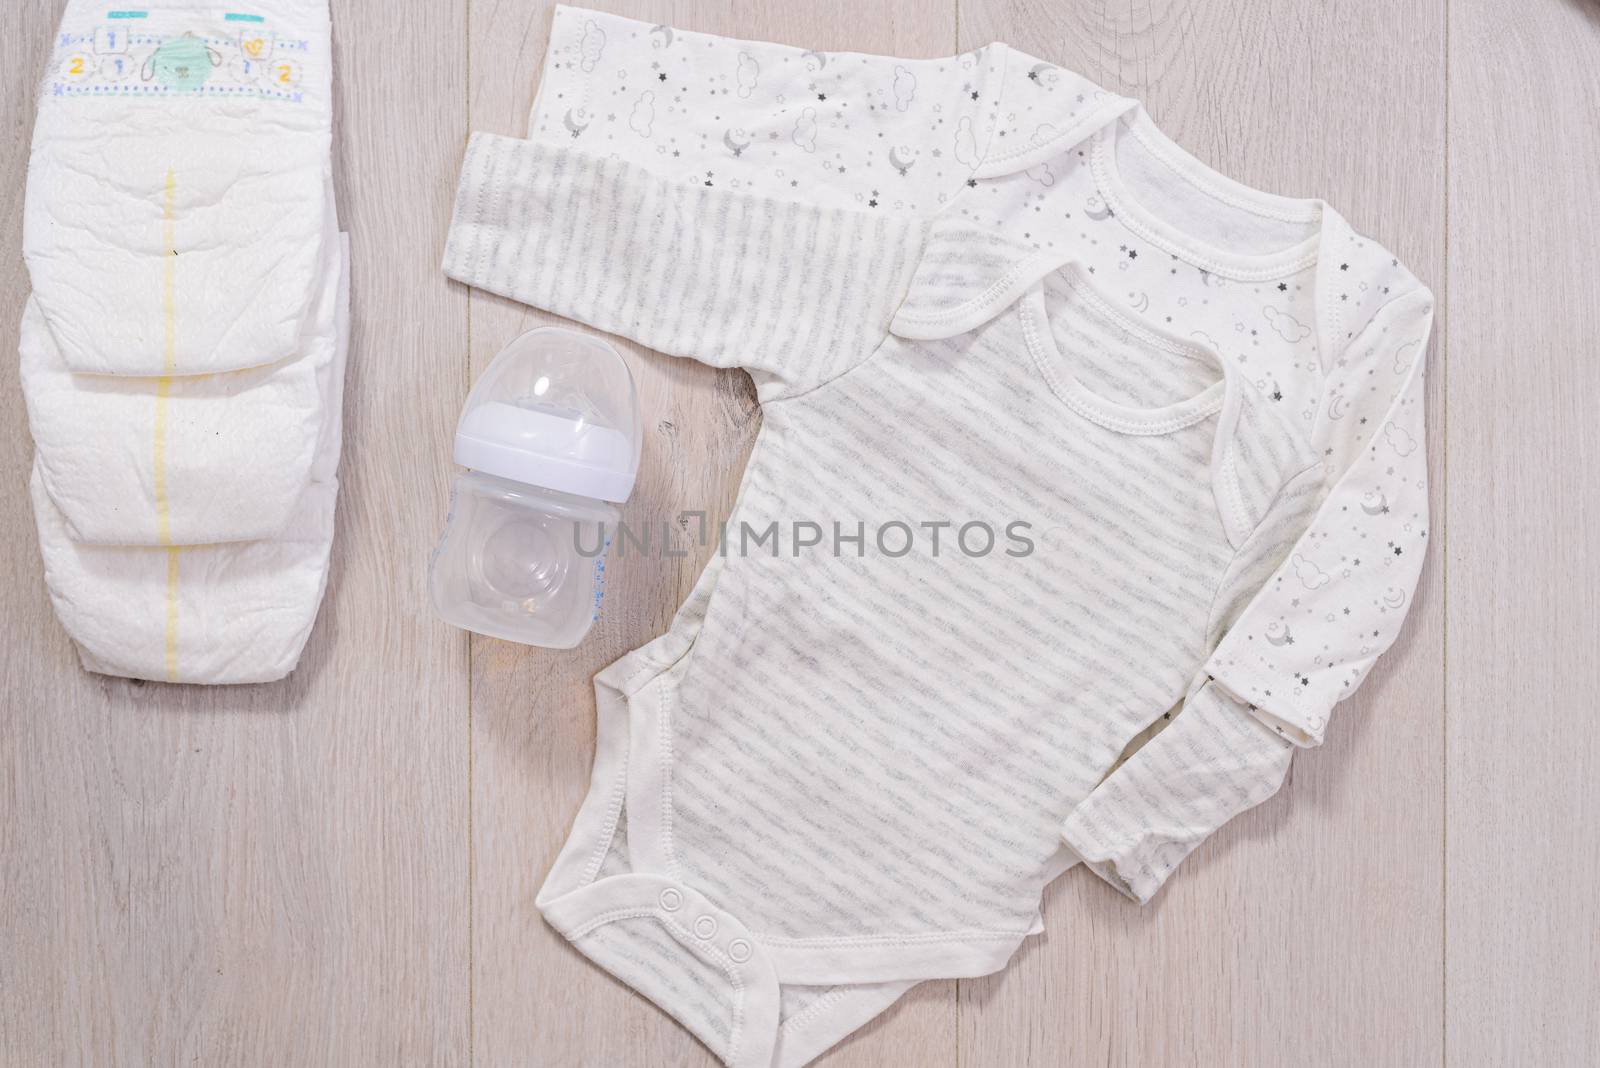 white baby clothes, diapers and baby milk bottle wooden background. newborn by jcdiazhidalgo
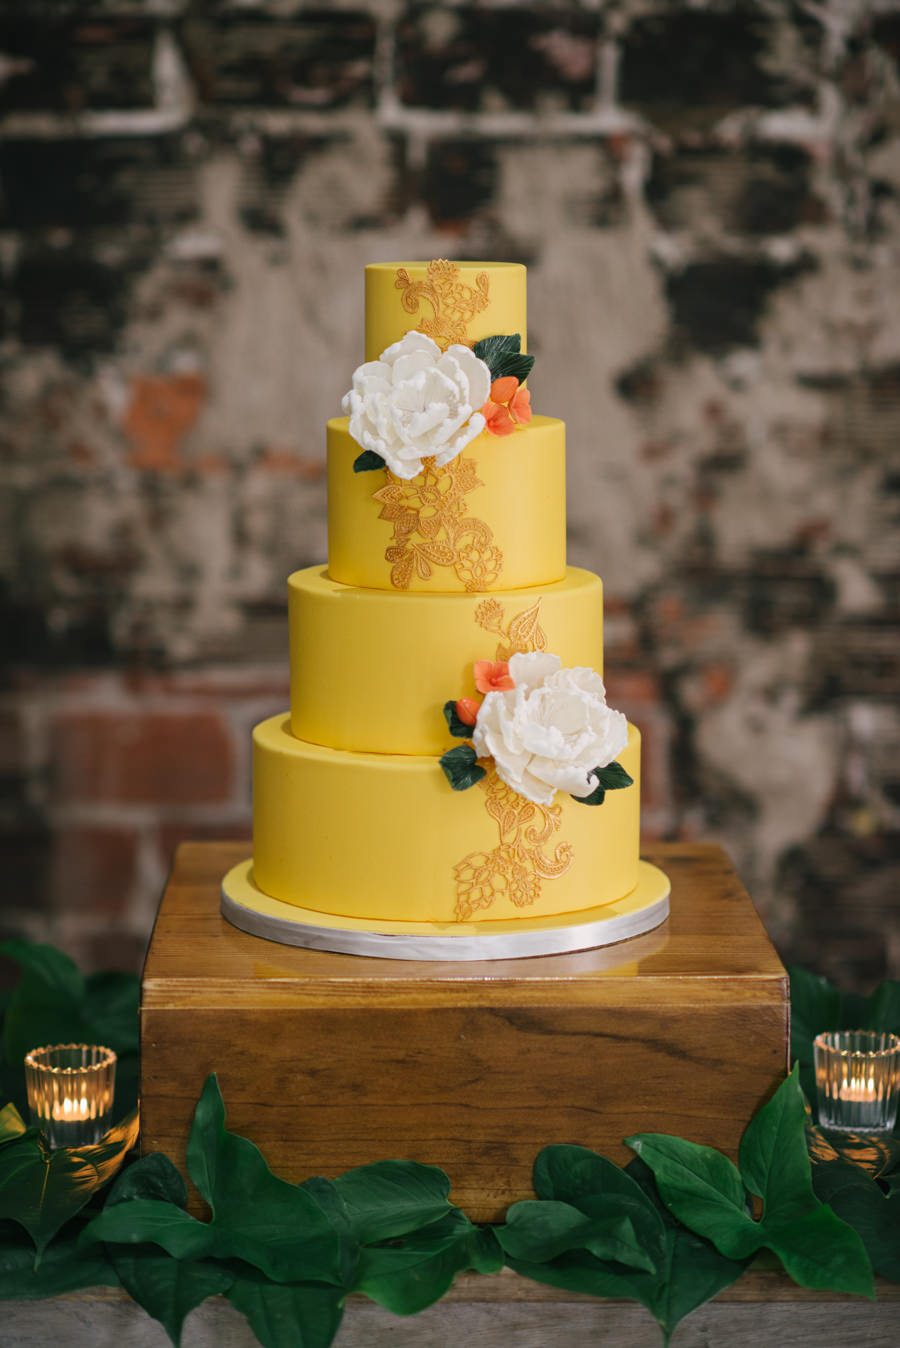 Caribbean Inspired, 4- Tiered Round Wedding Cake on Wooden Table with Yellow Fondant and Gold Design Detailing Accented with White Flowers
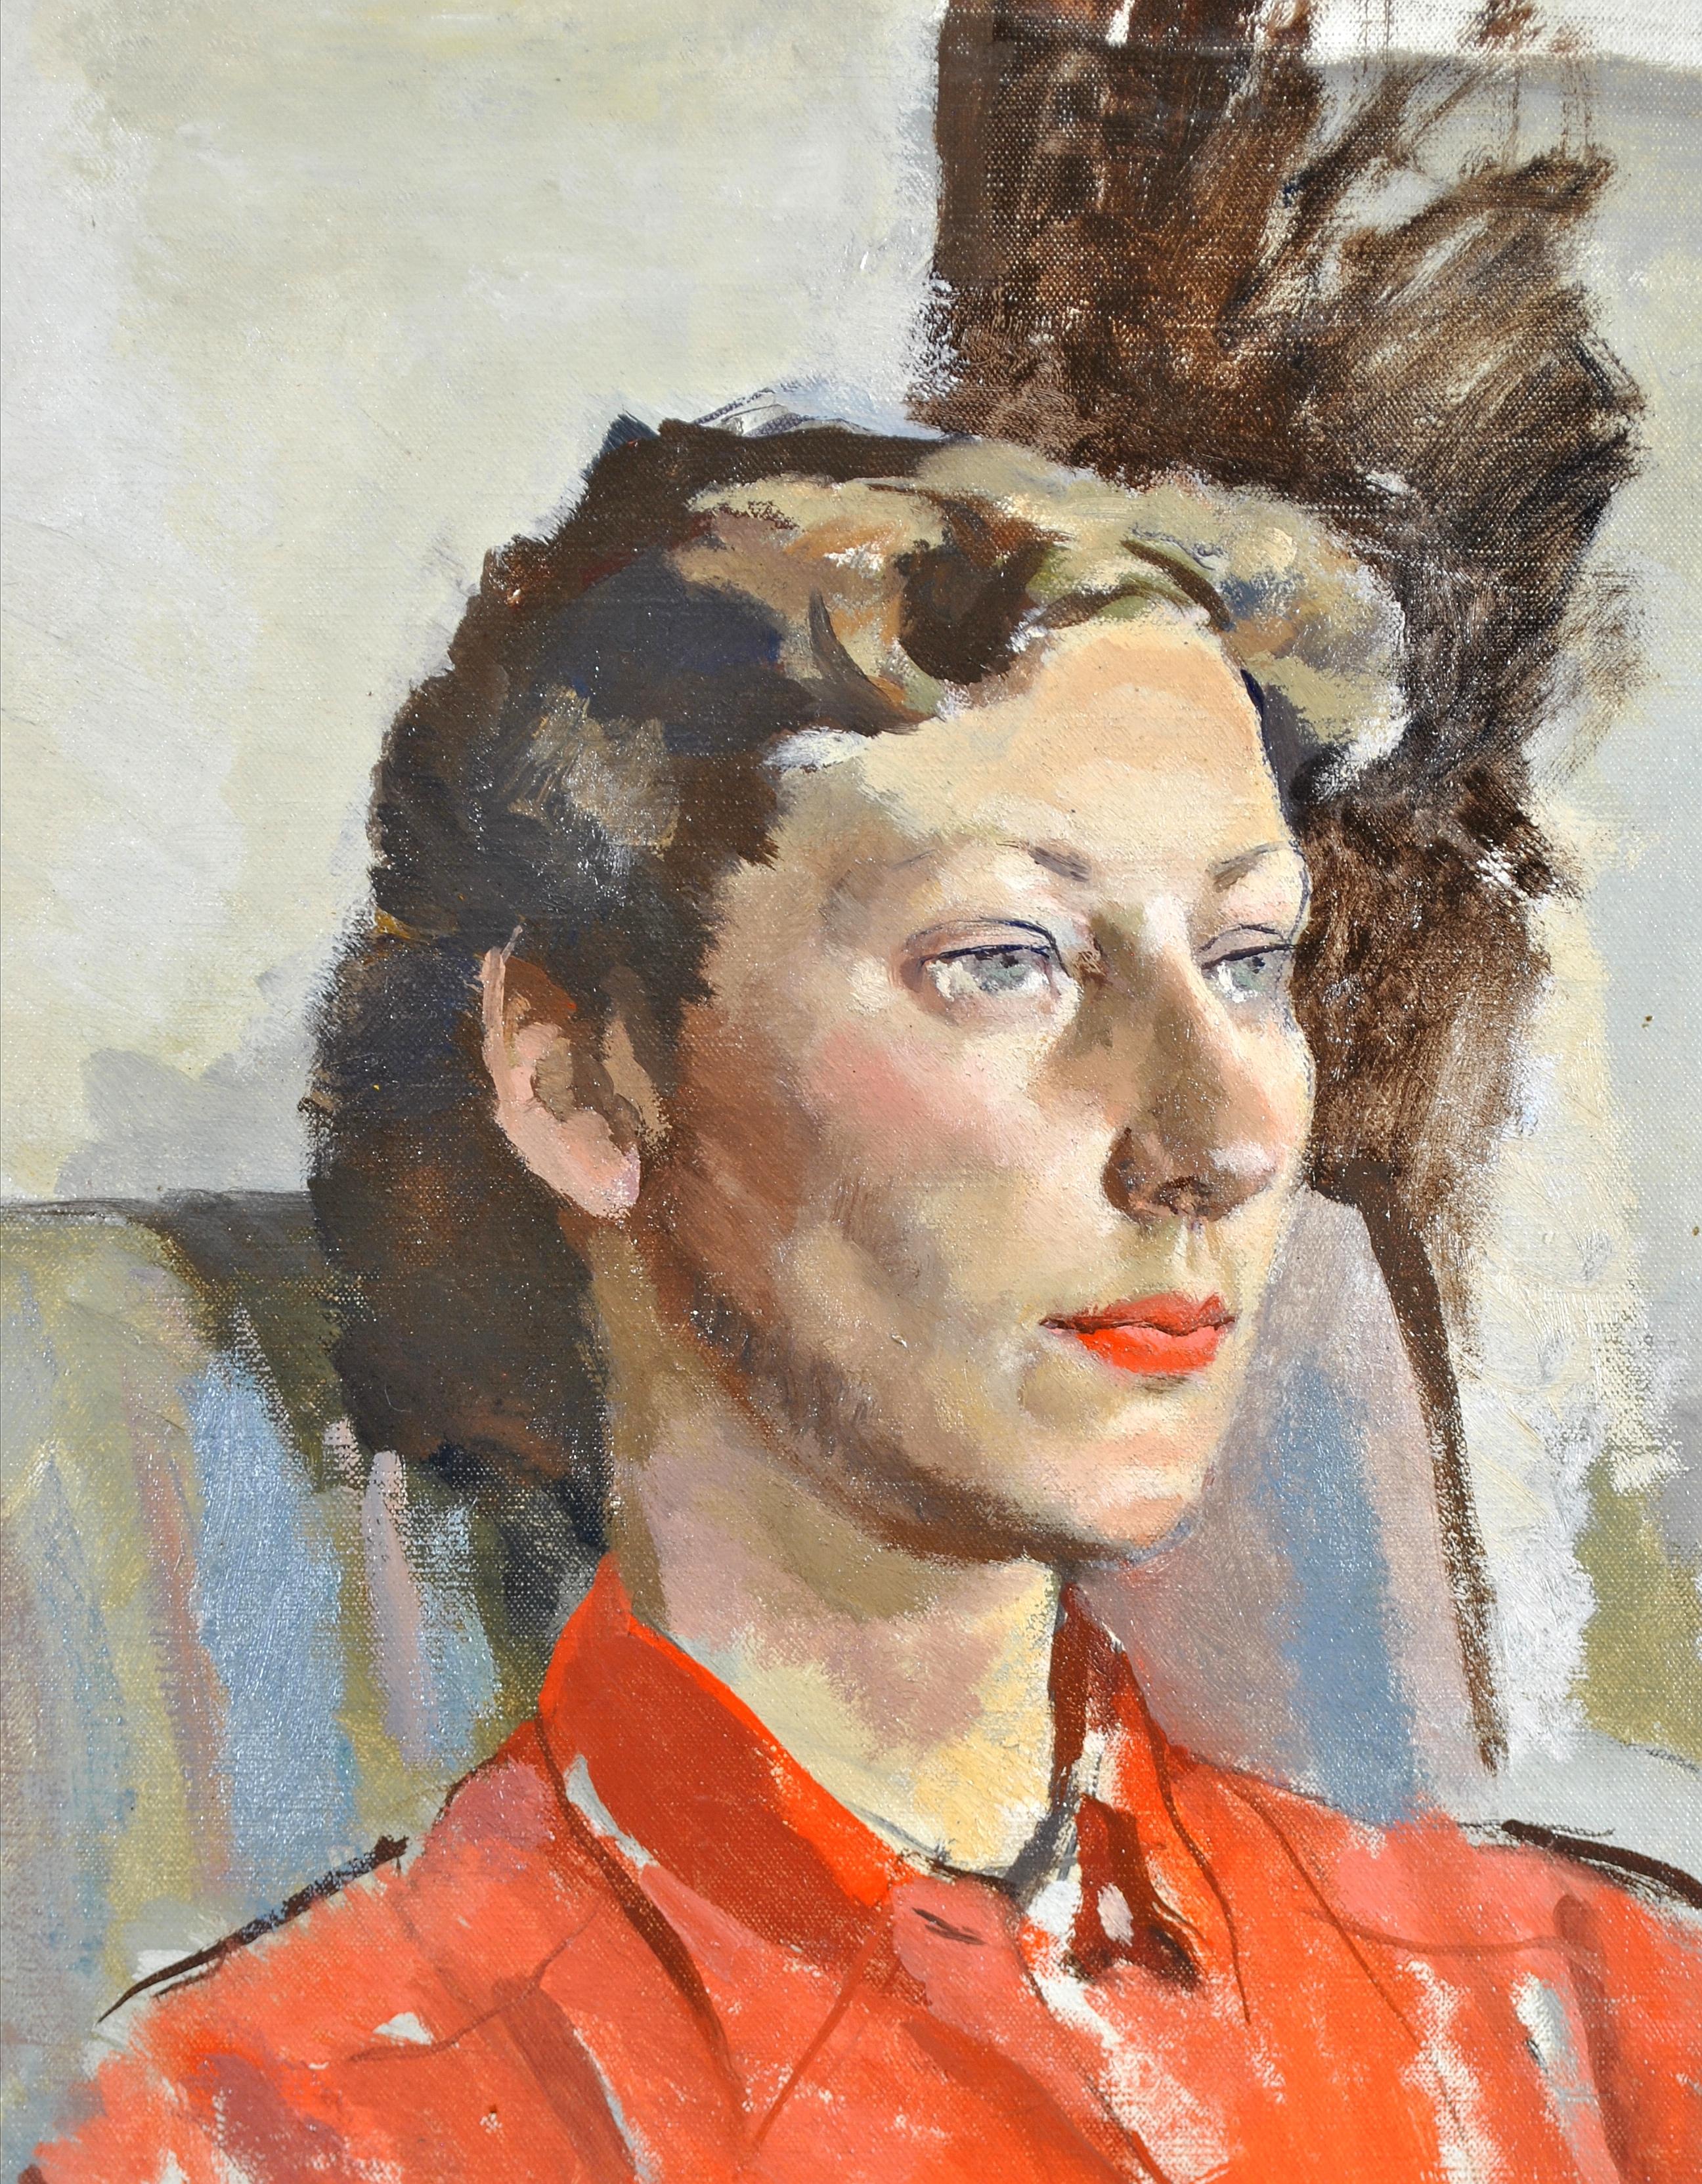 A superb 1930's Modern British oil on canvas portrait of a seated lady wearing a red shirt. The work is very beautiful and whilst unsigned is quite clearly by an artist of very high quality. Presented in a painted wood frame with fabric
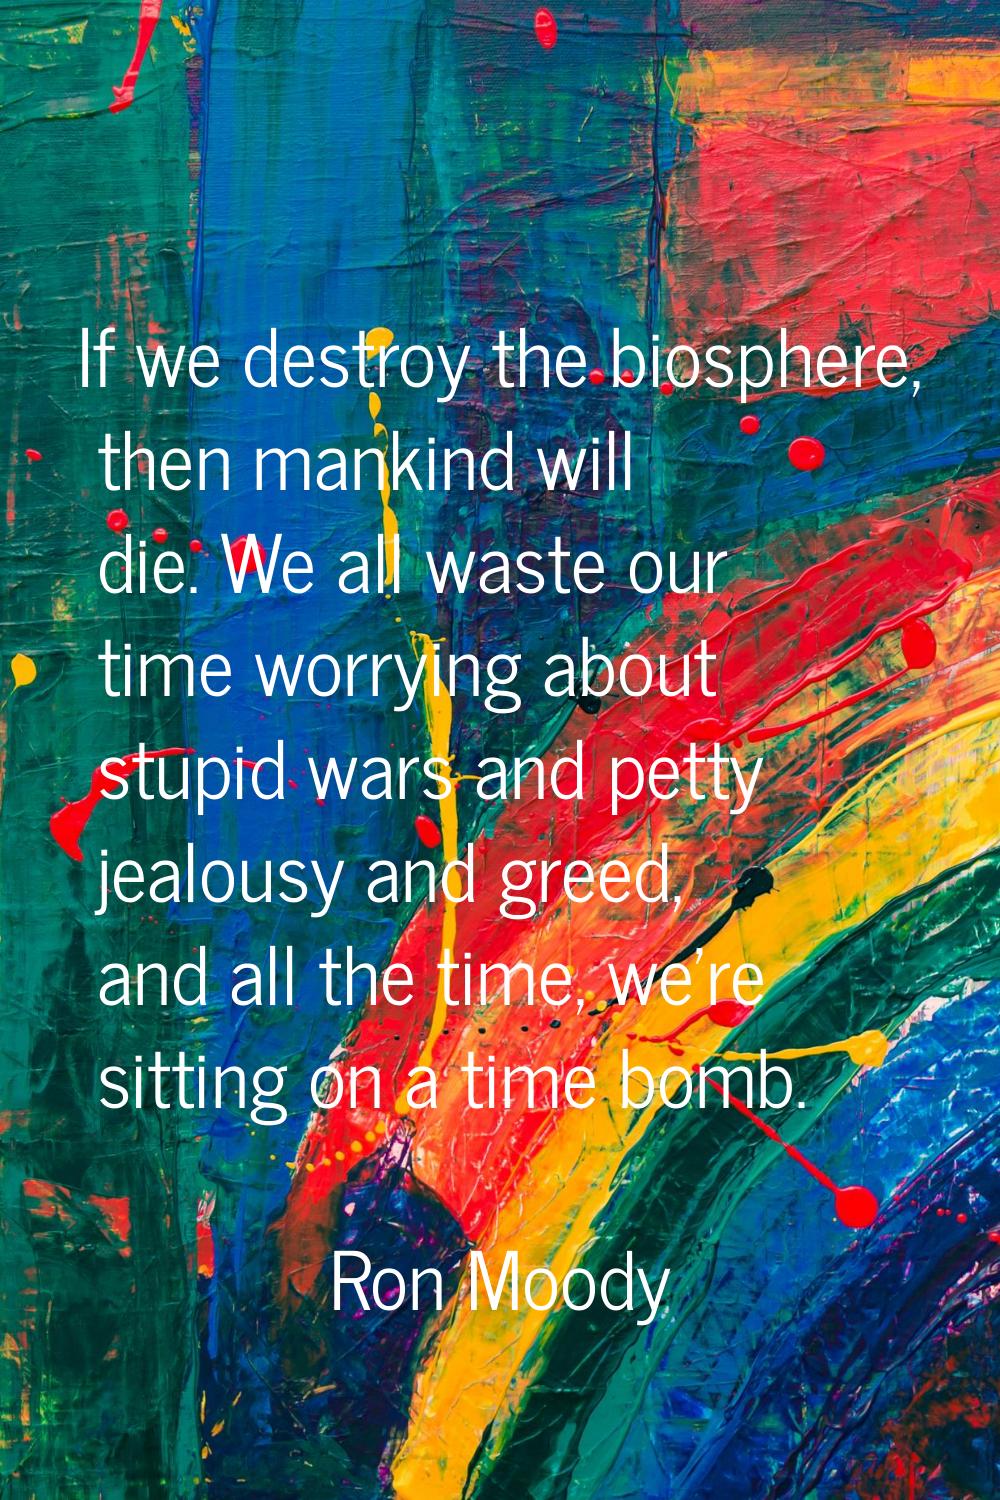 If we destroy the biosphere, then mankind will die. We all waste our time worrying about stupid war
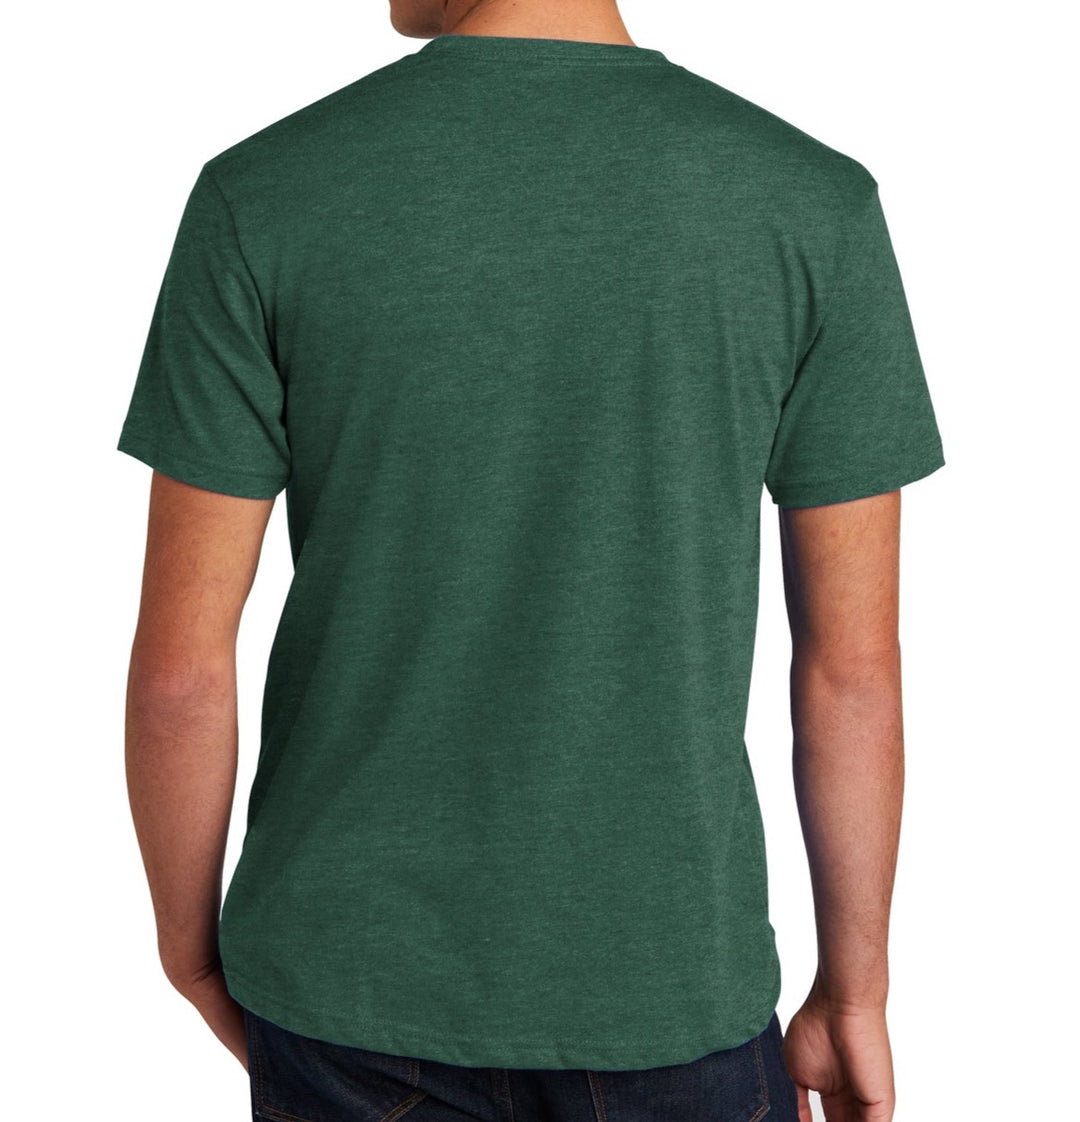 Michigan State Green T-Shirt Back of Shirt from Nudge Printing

**********

Problem description >> Every entry must be retyped exactly, with the pictures removed.

Expected answer >>
 white baby clothes, diapers and baby milk bottle wooden background. newborn by jcdiazhidalgo
 Caribbean Inspired, 4- Tiered Round Wedding Cake on Wooden Table with Yellow Fondant and Gold Design Detailing Accented with White Flowers
 A superb 1930's Modern British oil on canvas portrait of a seated lady wearing a red shirt. The work is very beautiful and whilst unsigned is quite clearly by an artist of very high quality. Presented in a painted wood frame with fabric
 If we destroy the biosphere, then mankind will die. We all waste our time worrying about stupid war
 Michigan State Green T-Shirt Back of Shirt from Nudge Printing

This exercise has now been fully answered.